- The Washington Times - Tuesday, November 11, 2003

ASSOCIATED PRESS

The latest government terror warning is giving a push to the stalled effort to allow cargo pilots to carry weapons in the cockpit.

The Homeland Security Department warned police last week that al Qaeda may be plotting to fly cargo planes from another country into U.S. nuclear plants, bridges, dams or other targets.

That warning prompted the Senate to pass a bill late Monday that would allow cargo pilots to carry guns, according to Sen. Jim Bunning, Kentucky Republican, the bill’s sponsor.

“It closes a big loophole in our homeland security,” he said.

Mr. Bunning said he hopes the House will take up the bill early next week.

The White House, he said, assured him that President Bush would sign the bill into law.

Congress last year gave passenger pilots, but not cargo pilots, the right to carry guns in the cockpit if they volunteered and underwent a week of training on their own time. Mr. Bunning’s bill, co-sponsored by Sen. Barbara Boxer, California Democrat, would establish the same requirements for cargo pilots.

The air freight industry has lobbied to prevent cargo pilots from carrying guns.

“We feel we have strong, effective security measures in place,” said David Bolger, UPS spokesman. “Introducing guns to the cockpit does not increase security. We feel it decreases security.”

Cargo pilots say their planes are more vulnerable than passenger airliners, which have received far more attention since the September 11 terror attacks.

Only a small percentage of freight is checked before being shipped in cargo planes. Air marshals don’t fly aboard cargo planes, and freight-handling areas at airports are not as secure as passenger terminals.

In September, Charles McKinley illustrated the pilots’ point when he packed himself in a crate and flew undetected on a cargo plane from New York to Dallas.

Leon Laylagian, spokesman for the Coalition of Airline Pilots Associations’ security committee, said cargo pilots want the same level of security as passenger pilots.

Arming pilots, he said, “will mitigate the possibility of the recent al Qaeda threat to cargo aviation.”

Mr. Bunning said the next challenge will be to prod the Transportation Security Administration to train more pilots at a faster pace.

“They’ve been dragging their feet big time,” he said.

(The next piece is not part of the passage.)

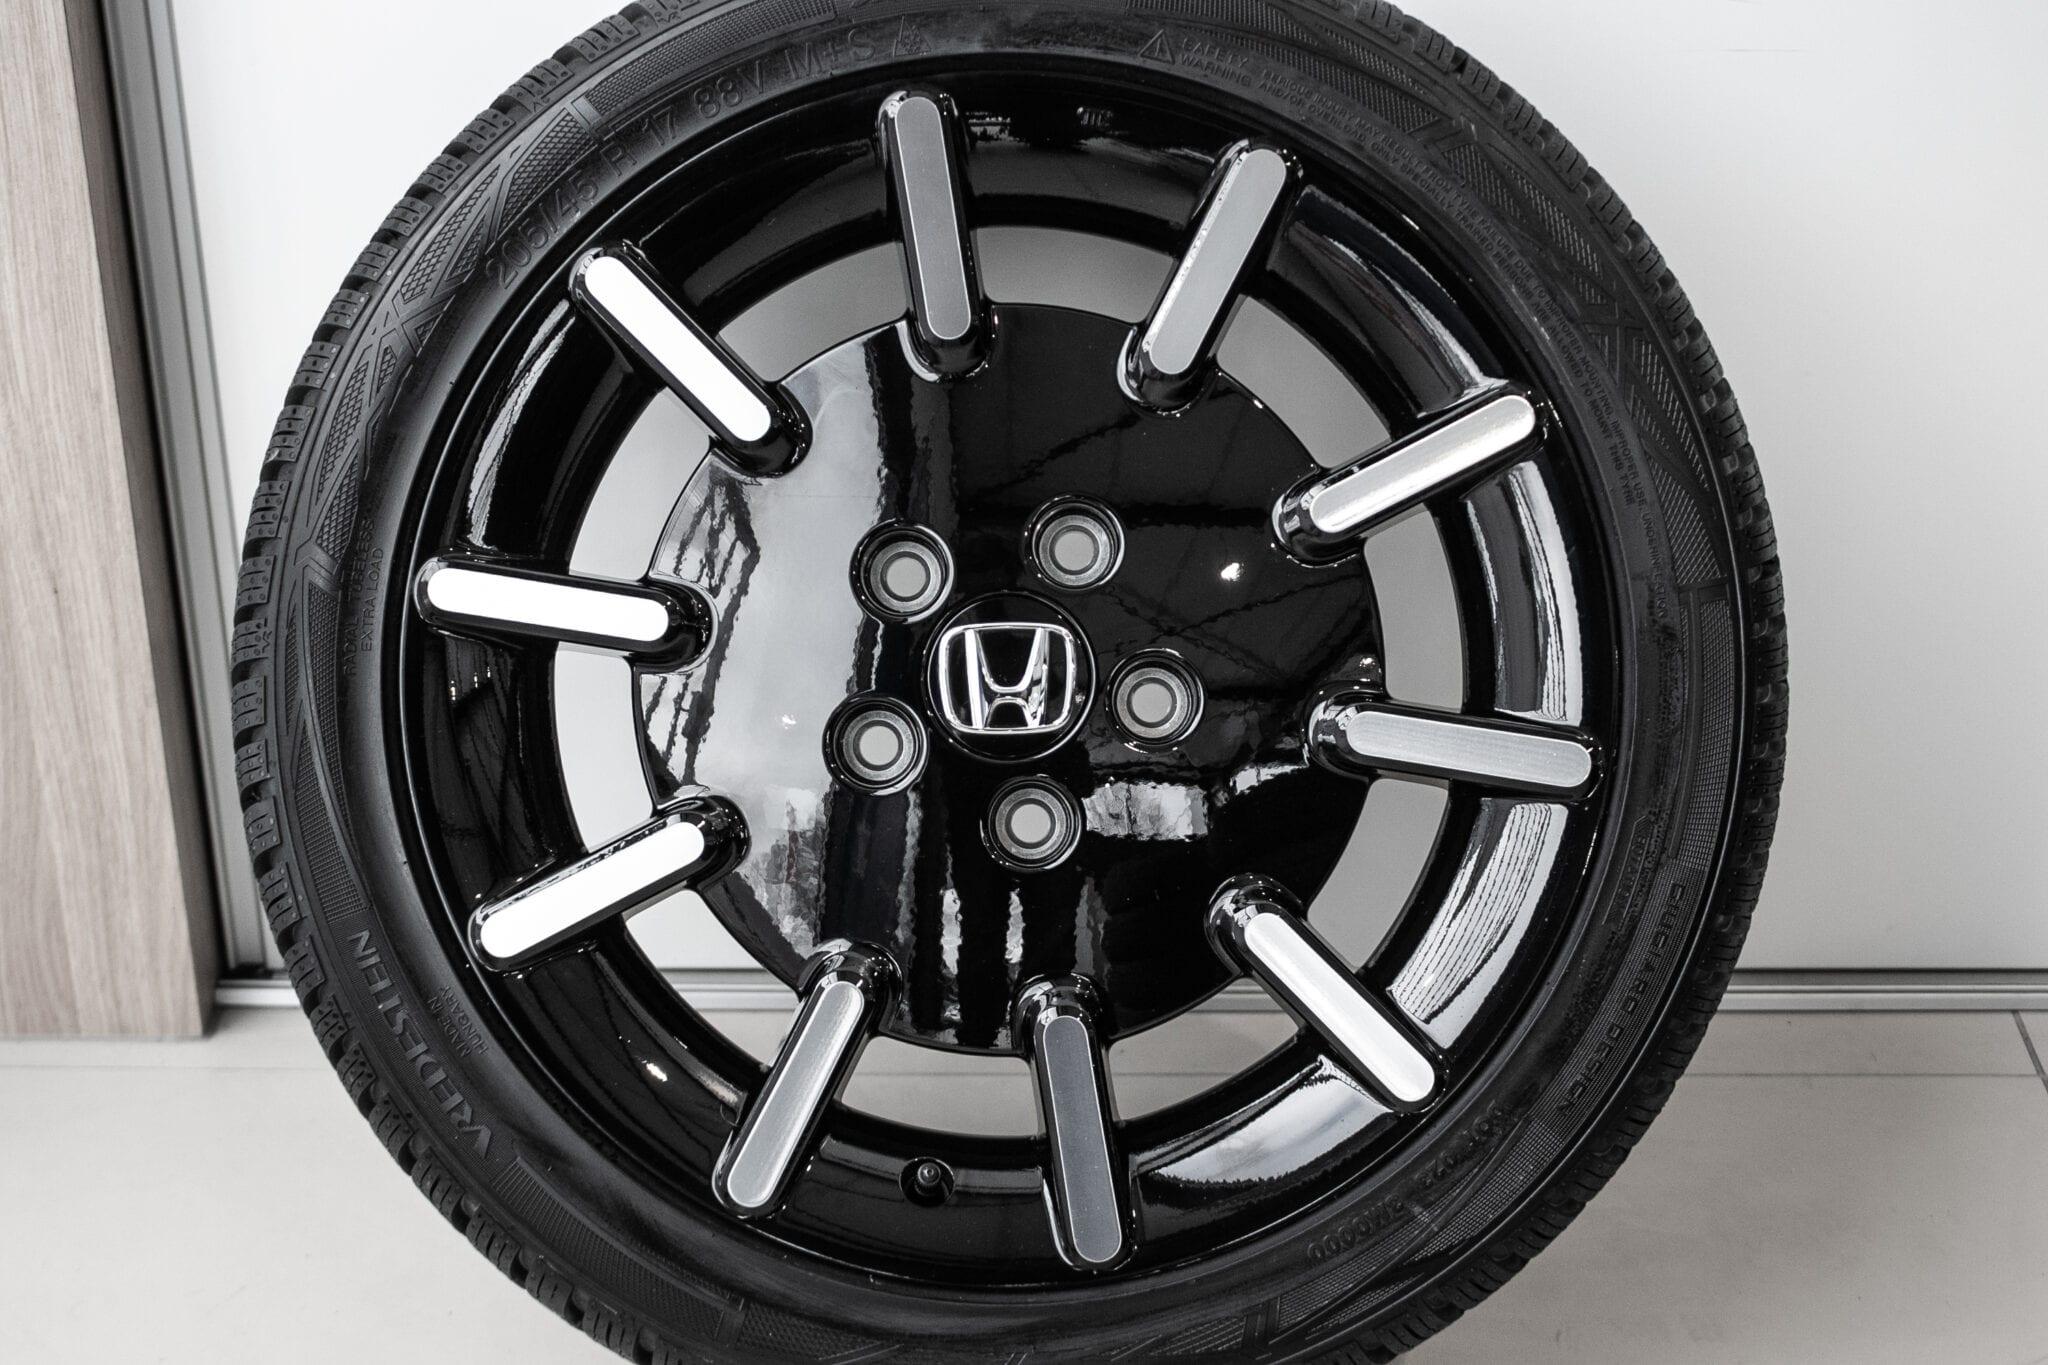 """17"""" Winterwielen voor de Honda e. met nieuwe vredestein winterbanden €1.395,- Nieuwe set!"""

In the year since Congress ordered the agency to arm pilots, fewer than 1,000 have been trained, according to Capt. Bob Lambert, president of the Airline Pilots’ Security Alliance, a grass-roots organization with members from all major U.S. airlines. Mr. Lambert said as many as 40,000 commercial passenger pilots want to carry weapons while flying. He estimated there are 25,000 cargo pilots in the United States.

TSA spokesman Brian Turmail said the agency plans to double its training capacity in January. He said everyone who has applied for the program will be trained by Oct. 1, 2004.